Polygenic models of breast cancer subtypes

The genetic heterogeneity and complexity of cancer have posed significant challenges to the design of effective therapeutic strategies. The characterization of mRNA-expression subtypes in breast cancer facilitates genomic and genetic studies to identify biological processes and pathways that drive distinct molecular subtypes and elucidates the potential feasibility of subtype-specific drug targets. However, such therapies tend to have limited efficacy, often due to unpredicted compensation in the network of mutations. To address this problem we are applying a multi-trait genetic interaction analysis to genetic and genomic data from The Cancer Genome Atlas (TCGA) breast cancer project.  We are discovering how somatic copy-number variations and other mutations in oncogenes and tumor suppressors interact to affect gene-expression modules that contribute to distinct breast cancer subtypes.

Revealing the genetics of molecular epigenetics

Recent initiatives such as the ENCODE project have mapped regions of the genome that are believed to regulate gene expression through histone modifications, DNA methylation, and proteins that bind DNA. These regions often harbor variants that have been linked to human disease in genome-wide association studies, suggesting that genetic variation modifies gene expression by changing the regulatory chromatin state. We are carrying out a systematic study of how genetic variation in laboratory mice affects chromatin states in response to environmental stimuli. This study is providing concrete evidence for genetic-epigenetic interactions that potentially underlie human disease.

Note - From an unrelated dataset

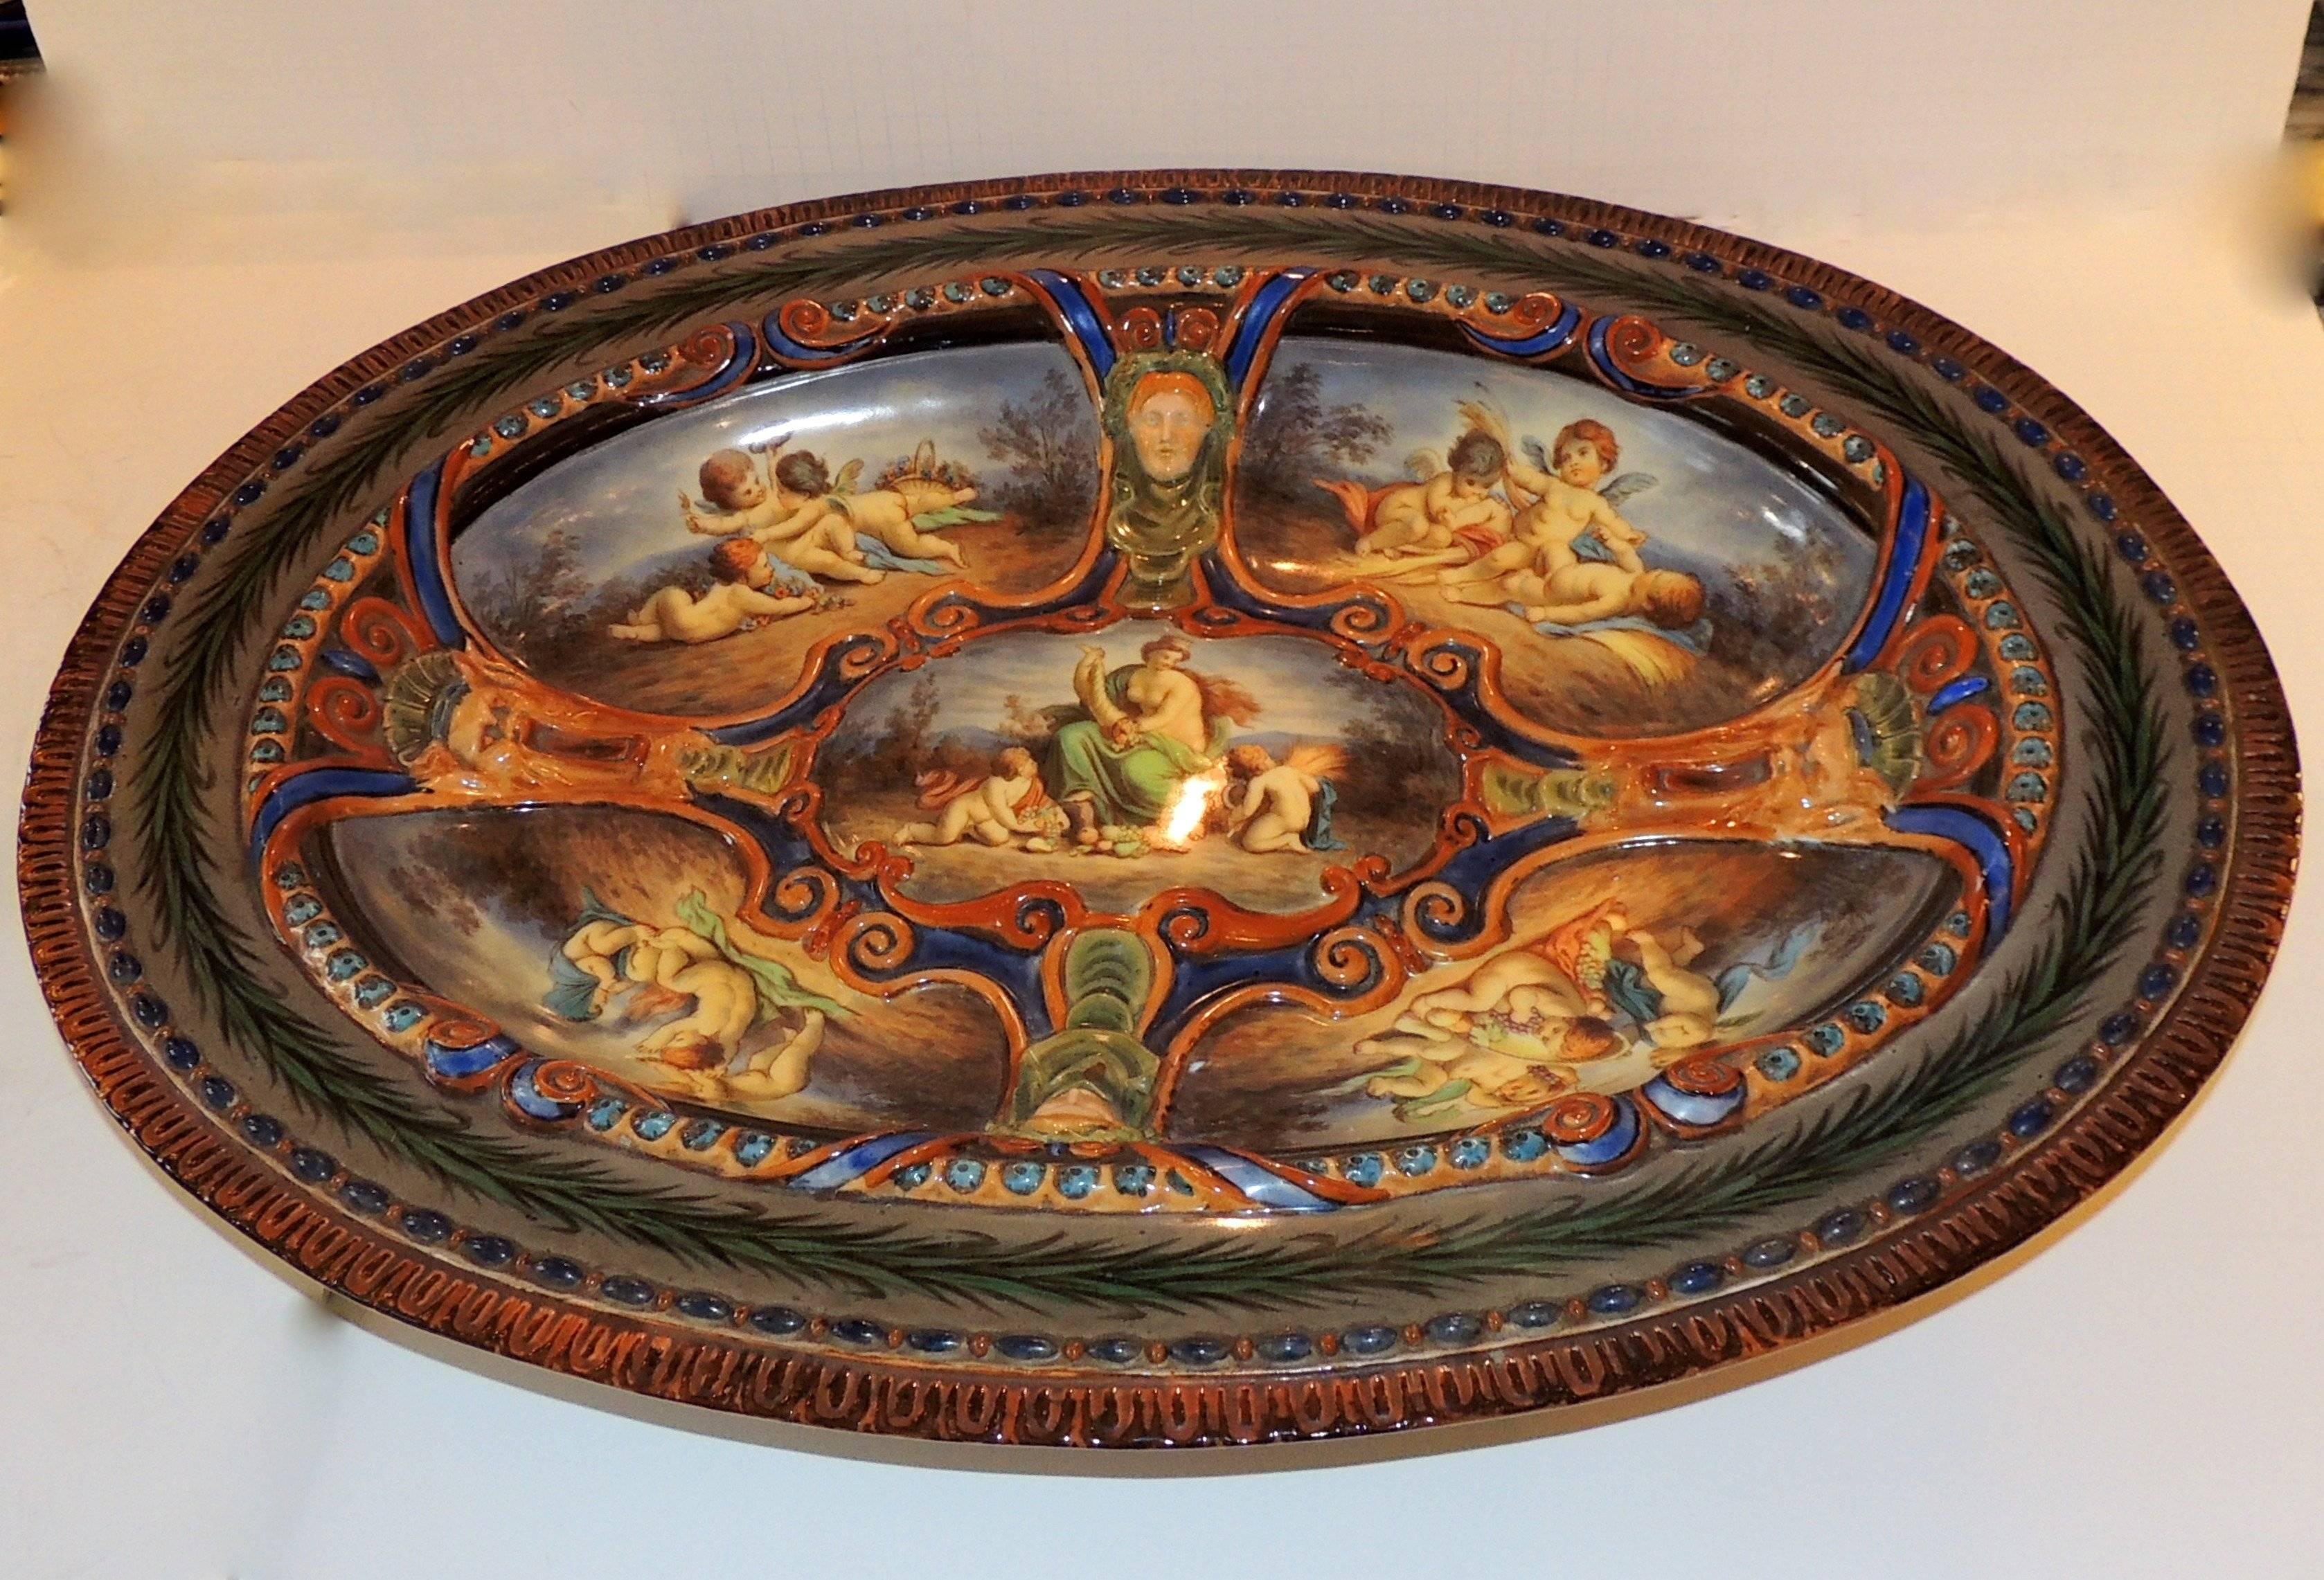 A wonderful and very fine presentation KPM monumental hand painted German Berlin porcelain oval centerpiece platter with five scenes adorned with cherub’s female and male masks.
Very rare!

Quantifying information in genetic networks

The study of molecular epistasis has been used for decades in mapping pathways of linear information flow from gene to gene. However, the genetic complexity inherent in many biological systems can confound this strategy when the system is viewed on a genomic scale. Instead of mapping linear pathways, large-scale networks of genetic interactions tend to feature tangled modules of genes that function together to carry out cellular processes. Furthermore, given the prevalence and diversity of genetic interactions, it is often unclear how to optimally define the rules of genetic interaction that form the links in these networks. We are developing methods based on information theory to measure the information content of networks. This quantitative measure of complexity can serve as scoring function to find the most informative network from a given genetic data set. From this work we hope to develop both practical tools for genetic analysis and fundamental insights into how networks encode information.